How To Enable Public Folders In Exchange 2013 Or Exchange 2016

Exchange 2013 introduced Modern Public Folders. Public Folder Hierarchy and Content are stored and distributed amongst one or more Public Folder Mailboxes. These mailboxes replace the need for a dedicated Public Folder database, so end users will not need to be concerned about how many Public Folder Mailboxes you have configured or which Public Folder Mailbox holds their content.

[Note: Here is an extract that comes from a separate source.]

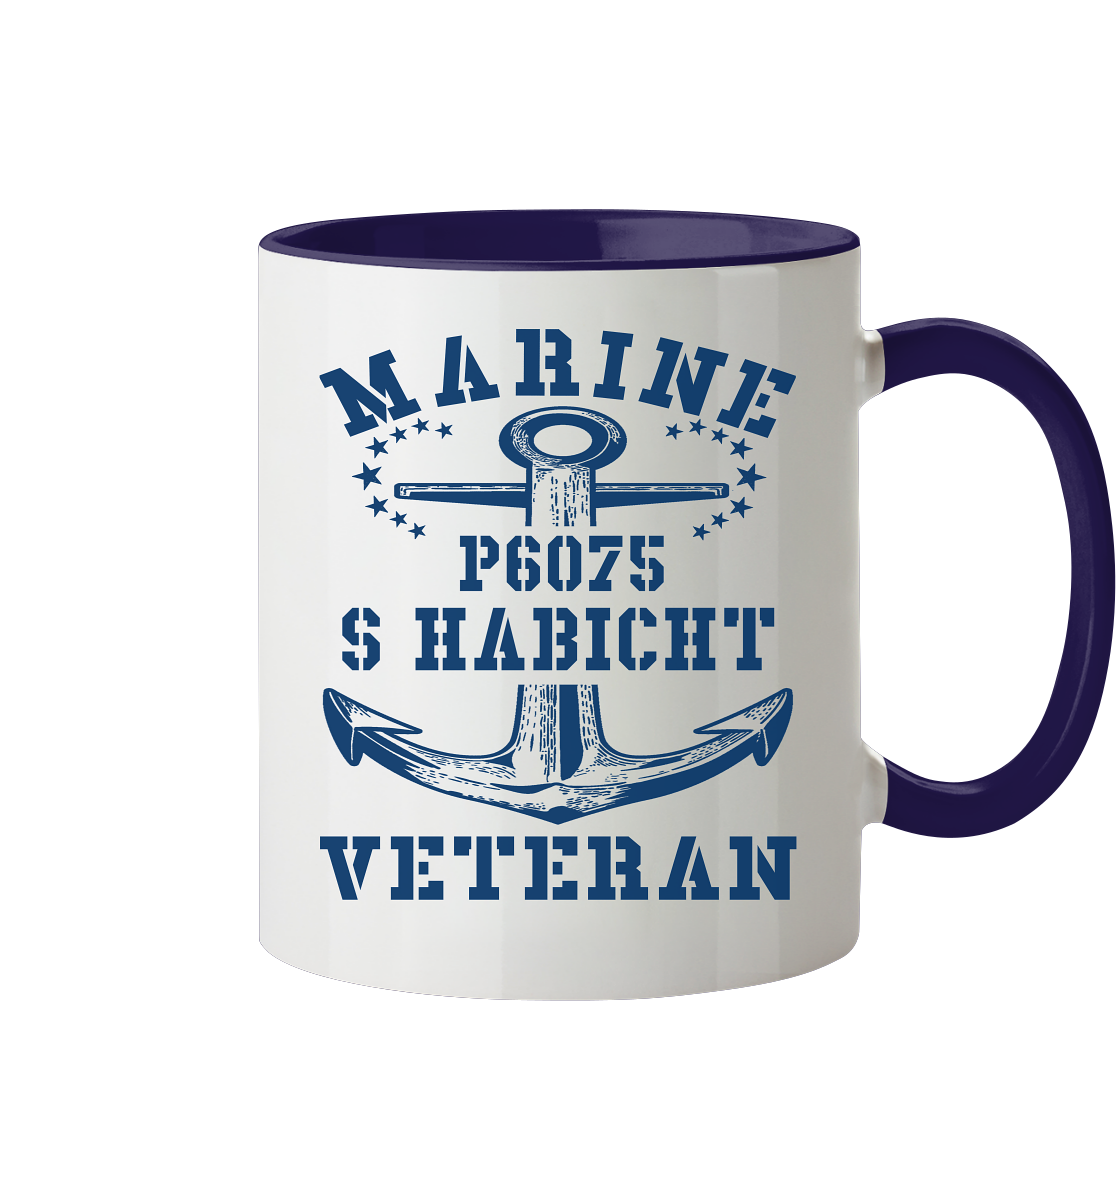 P6075 S HABICHT Marine Veteran - Tasse zweifarbig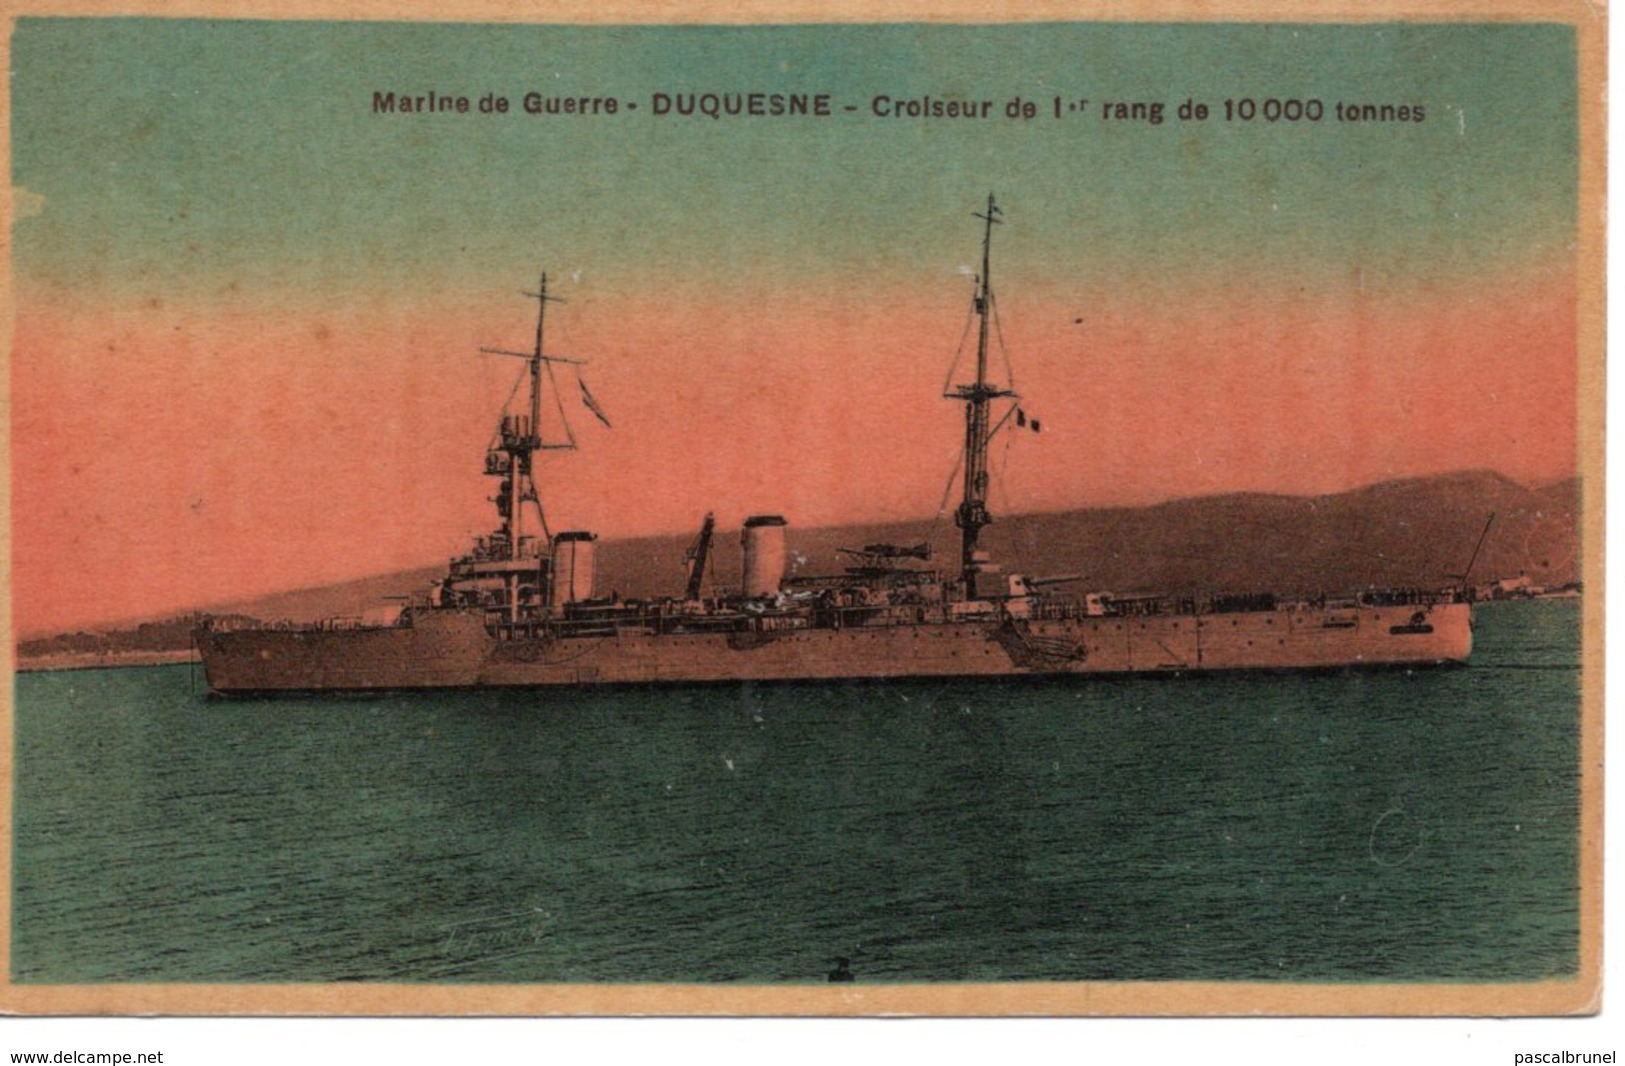 MARINE DE GUERRE - DUQUESNE - CROISEUR DE PREMIER RANG - Warships

Public Folders are still displayed in the same way as they were with Legacy Public Folders when viewed from Outlook. Modern Public Folders also have the benefit of being in a Database Availability Group (DAG), which can now be replicated for backup purposes just like User Mailboxes.

Do I Need A Public Folder Mailbox For Each Mail-Enabled Public Folder?

It’s a common point of confusion between a Public Folder Mailbox and a Mail-Enabled Public Folder. It may seem that they are the same, but they are not. Microsoft limits the number of Public Folder Mailboxes to 1,000 in Office 365 Exchange Online, and it’s not uncommon to find Public Folder implementations with many thousands of Mail-Enabled Public Folders, so, at first glance, it can seem that you can’t migrate Public Folders to Office 365. Public Folder Mailboxes are nothing more than using the context of a mailbox to store the Public Folder Hierarchy and content, so just think of your Public Folder Database now consisting of one or more of these Public Folder Mailboxes grouped together. The view of your Public Folder Hierarchy remains unchanged, and within that, you can create Mail-Enabled Public Folders. You can have any number of mail-enabled public folders within them, just like you can with Legacy Public Folders.

NOTE: Exchange 2016 has the exact same dialog prompts as Exchange 2013.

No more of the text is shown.